The top militants were travelling in the Birmal district of the province for a meeting when their vehicle hit a roadside mine, the report said. All aboard the vehicle, also carrying other TTP commanders such as Abdul Wali Mohmand, Mufti Hassan, and Hafiz Dawlat Khan, were killed in the explosion, The Express Tribune quoted a senior Afghan official as saying. According to a local source, the TTP leaders were travelling “for consultation” when their vehicle hit a roadside mine on Sunday.
Khorasani, who belonged to the Mohmand tribal district, was considered a top member of the TTP -- the militant group which wants to impose the law of Sharia across Pakistan. Khorasani, who carried a bounty of Rs 10 million on his head. Hafiz Dawlat from the Orakzai tribal district was an important member of the group and a close trustee of Khorasani, while Mufti Hassan hailed from the Malakand division and pledged allegiance to Abu Bakr al-Baghdadi, the deceased leader of the Islamic State terrorist organisation.

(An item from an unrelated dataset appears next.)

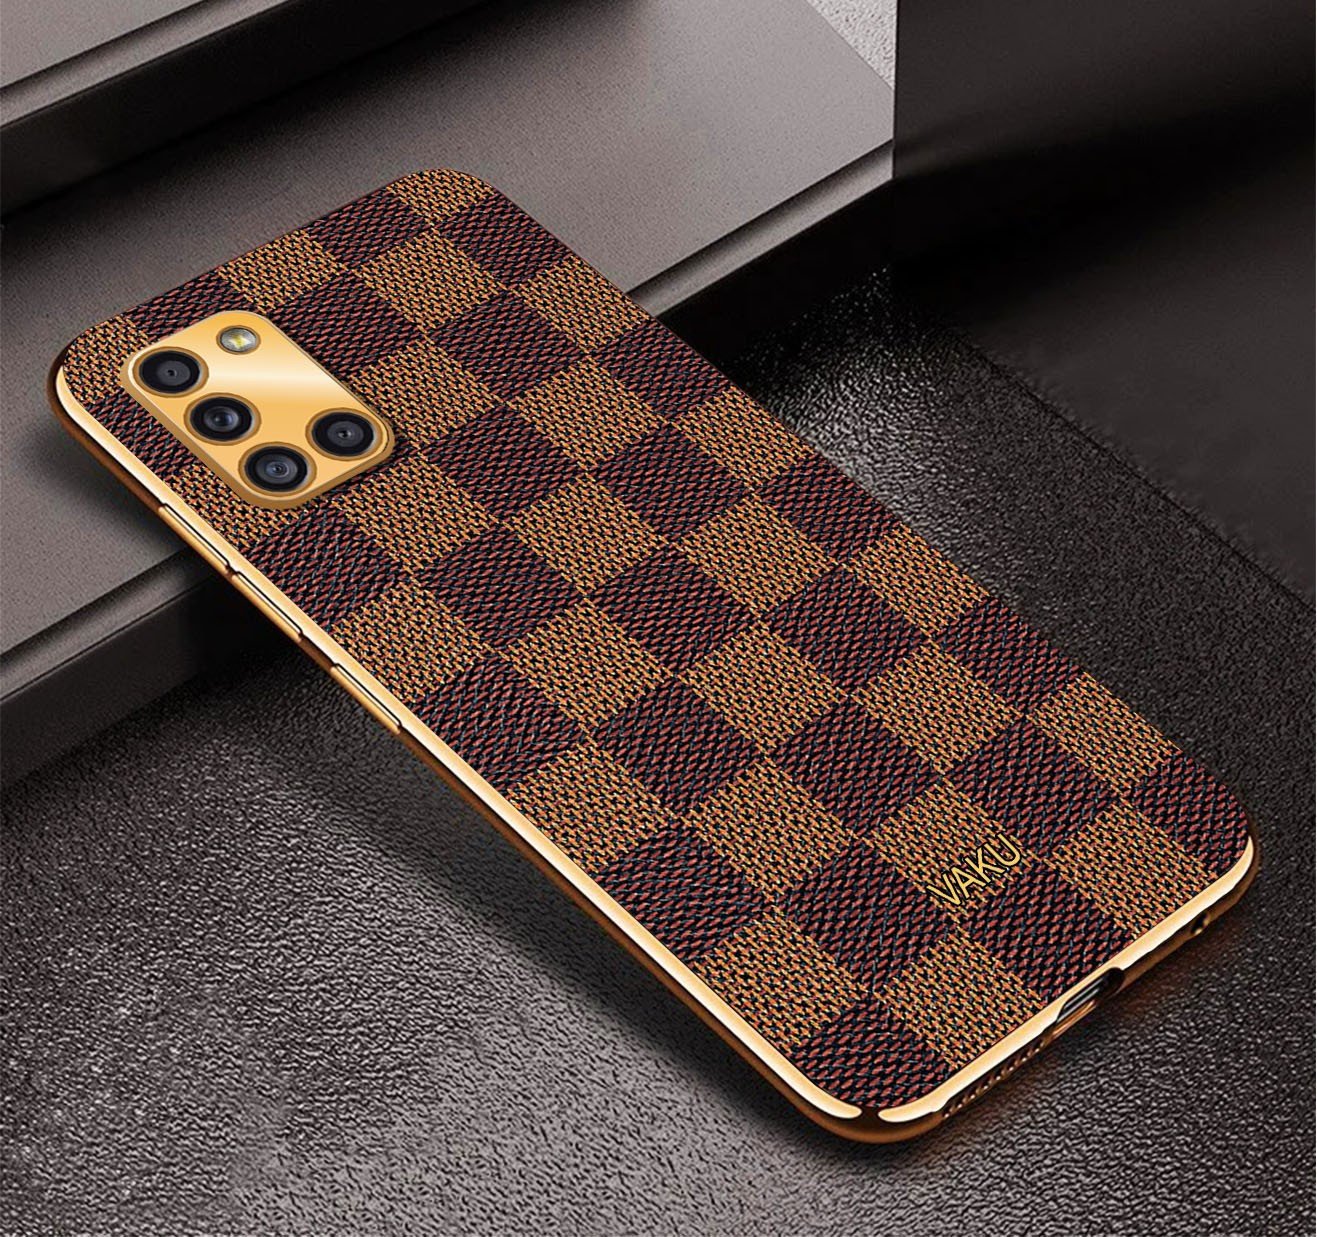 LOUIS VUITTON ROUND PATTERN iPhone 13 Pro Max Case Cover

TTP intelligence chief Abdul Rashid alias Uqabi Bajauri was also killed in a landmine blast in Kunar province of Afghanistan on Sunday morning, according to local Afghan sources. The TTP is yet to confirm these targeted killings of its top commanders, an incident that would certainly undermine the Afghan Taliban-brokered peace negotiations between the TTP and the Pakistan government. The news comes after the outlawed group and Pakistan reached a deadlock during their talks as the outfit refused to budge from its demand for the reversal of the merger of the erstwhile Federally Administered Tribal Areas (FATA) with the Khyber-Pakhtunkhwa province of Pakistan, the report said.